Once his team received the order to move, it had less than six months to close down the Fallujah IT operations and re-establish them at Al Asad. When it became clear that physically transporting the data was too risky, Cox decided to move the data via the network that connected Camp Fallujah with the Al Asad Air Base.

As part of the COOP infrastructure, Cox's team had installed accelerator devices on the network to increase throughput speeds for the data mirroring and backup operations. The accelerators became an important piece of the data migration project and helped increase transmission rates between the two bases from 2 megabits/sec to 6 megabits/sec.

When moving day came last November, some Marines in the 9th Communication Battalion worked at Camp Fallujah while others flew ahead to Al Asad to start the mirroring operations. Cox acted as the project manager orchestrating the move.

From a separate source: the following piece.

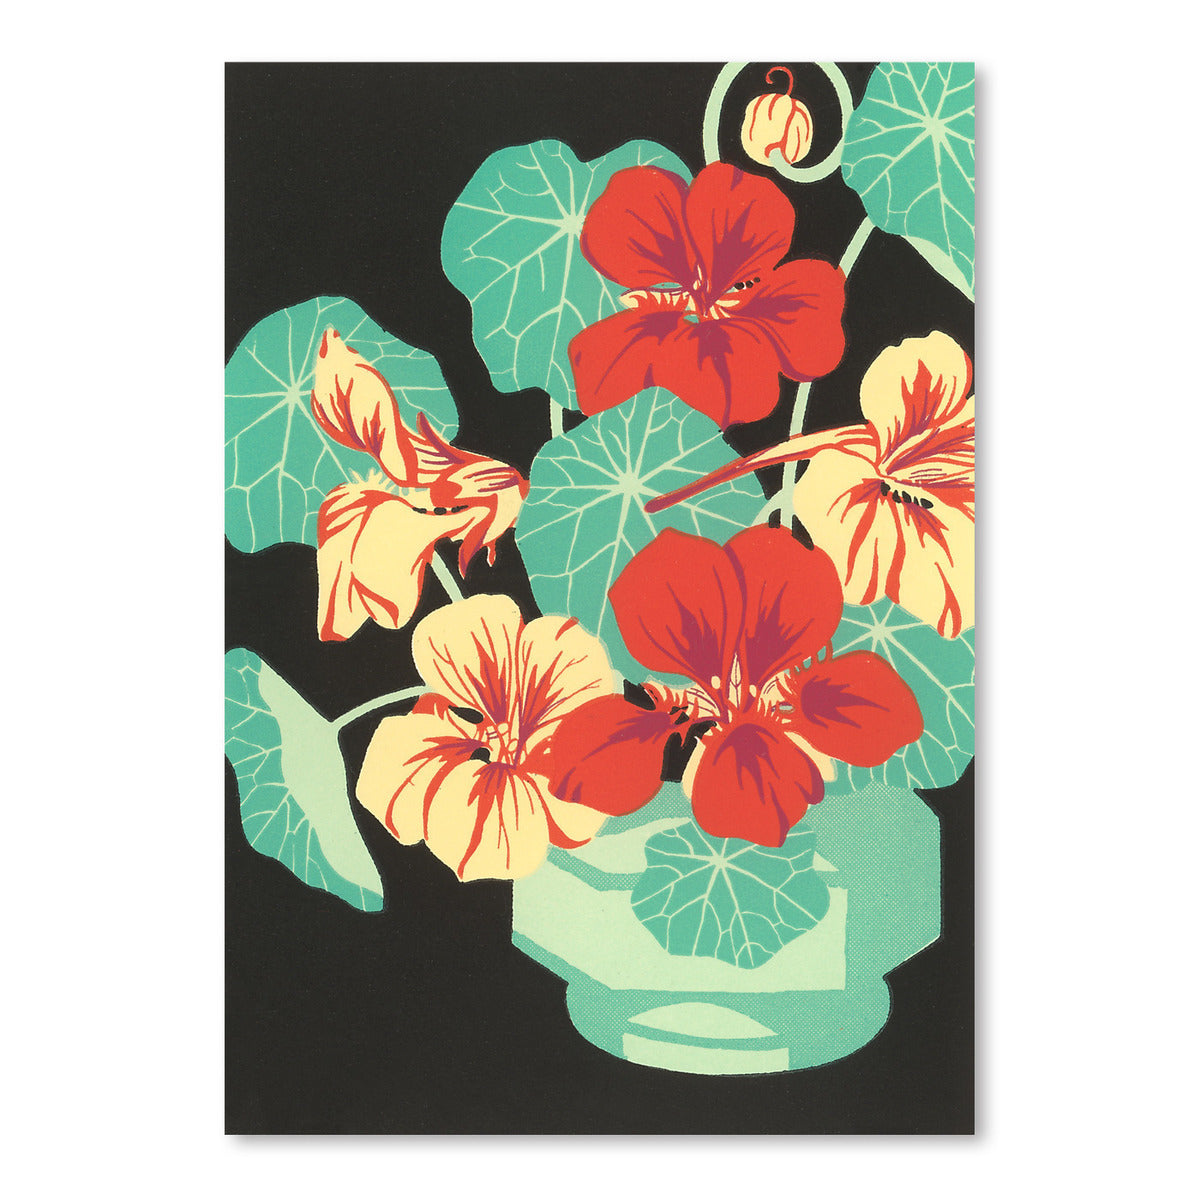 Flowers In Vase by Found Image Press Art Print - Art Print - Americanflat

“It was a massive air movement to get several thousand people [to Al Asad] throughout the day,” Cox said. “They were basically told that on that day they’d be flying and all e-mails had to stop because I had to let the mirrors catch up to Al Asad.”

By the next morning, the commanding general had resumed control at his post in Al Asad, and all migrated systems were up and running with only a 24-hour break in e-mail communications.

New efficiencies

The National Labor Relations Board is also finding ways to make COOP pay beyond the safety net it provides for emergencies. Two core elements of its plan — a mobile workforce and an outside host for its central data center — reduce the risk of downtime while increasing the day-to-day productivity of employees and the ability of IT managers to quickly adjust resources to meet new demands.

Almost 70 percent of NLRB employees now use laptop PCs that attach to the office network via docking stations rather than using desktop PCs, and that figure could grow to 85 percent by the end of the year. The agency combines computer mobility with an off-site data center managed by service provider Savvis Federal Systems to keep the agency running if its headquarters facility is shut down because of a man-made or natural disaster.

“People still can get to servers as long as they can find an Internet connection,” said Richard Westfield, NLRB’s chief information officer.

He sees other benefits, too. “It also makes sense from a productivity point of view,” he said. “Since everything is centralized and not stored on local file servers, you can shift work around to other regions.”

For example, NLRB operations in New Orleans were knocked out after Hurricane Katrina struck. If the current centralized services had been functional then, NLRB offices in other areas could have accessed the New Orleans data and potentially kept some of those operations running at an alternative location, Westfield said.

Under NLRB’s contract with Savvis, the company provides centralized hosting services, processing, storage and networking resources to the agency provisions as needed. That leasing arrangement allowed NLRB to sign a blanket purchase agreement with the provider that establishes the prices of anticipated future IT needs.

“If we need scalability in terms of more CPU power, additional storage or network connectivity, they can provision it in a matter of days,” Westfield said. Acquiring the added resources through the traditional procurement process could take months, he added.

That flexibility proved valuable when NLRB needed to bolster the performance of its main public-facing Web site, which was seeing steady increases in traffic. “It was getting many hits, so several months ago, we decided to get more processing power for it,” Westfield said. “We have the ability to function as a real-time enterprise because we already have the contractual arrangements in place.”